Task objective: The listing below is to be written out word for word, minus its images.

Data extract:
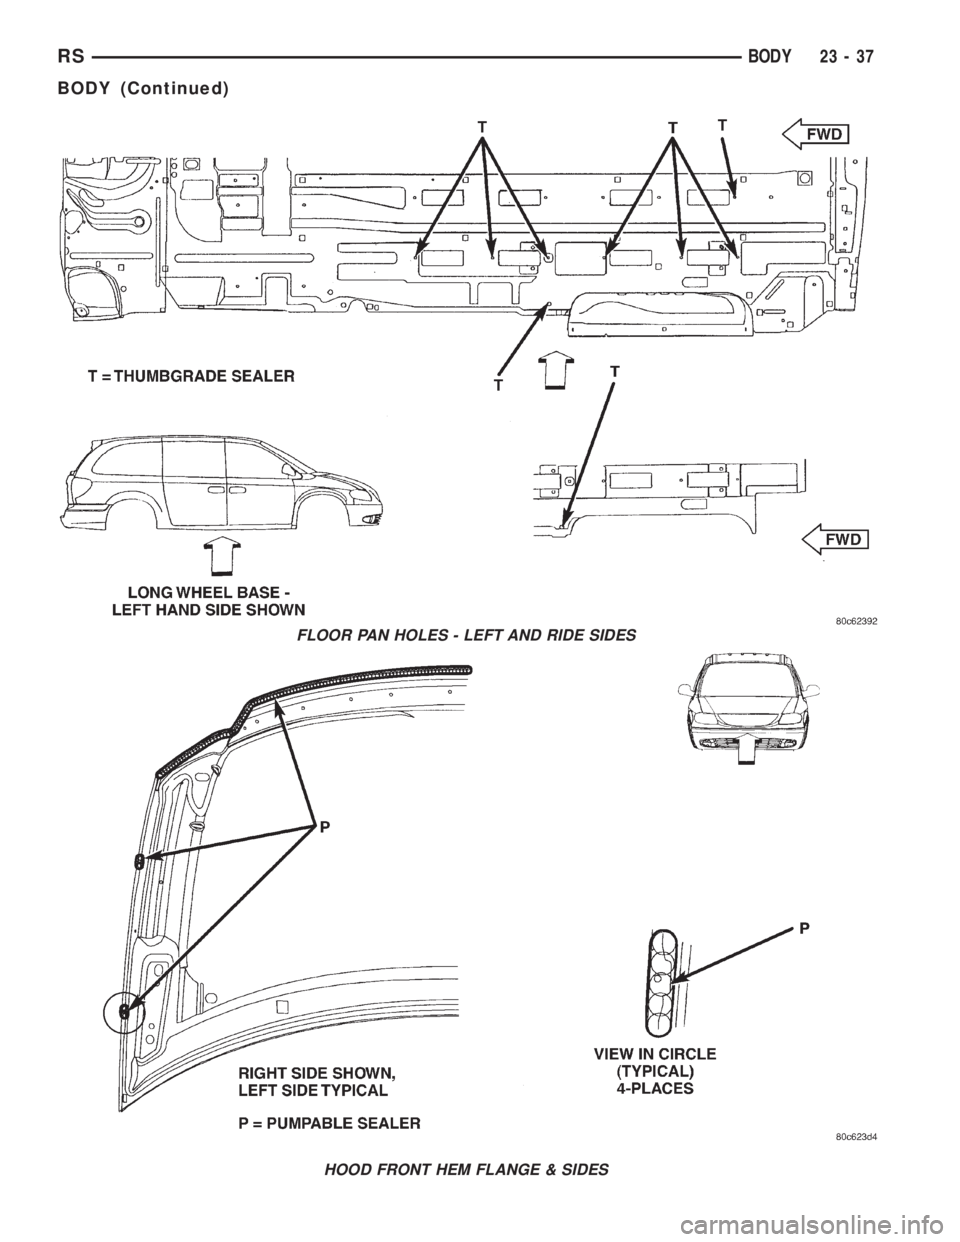 CHRYSLER VOYAGER 2001  Service Manual FLOOR PAN HOLES - LEFT AND RIDE SIDES
HOOD FRONT HEM FLANGE & SIDES
RSBODY23-37
BODY (Continued)

Response to the exercise:
 CHRYSLER VOYAGER 2001  Service Manual FLOOR PAN HOLES - LEFT AND RIDE SIDES
HOOD FRONT HEM FLANGE & SIDES
RSBODY23-37
BODY (Continued)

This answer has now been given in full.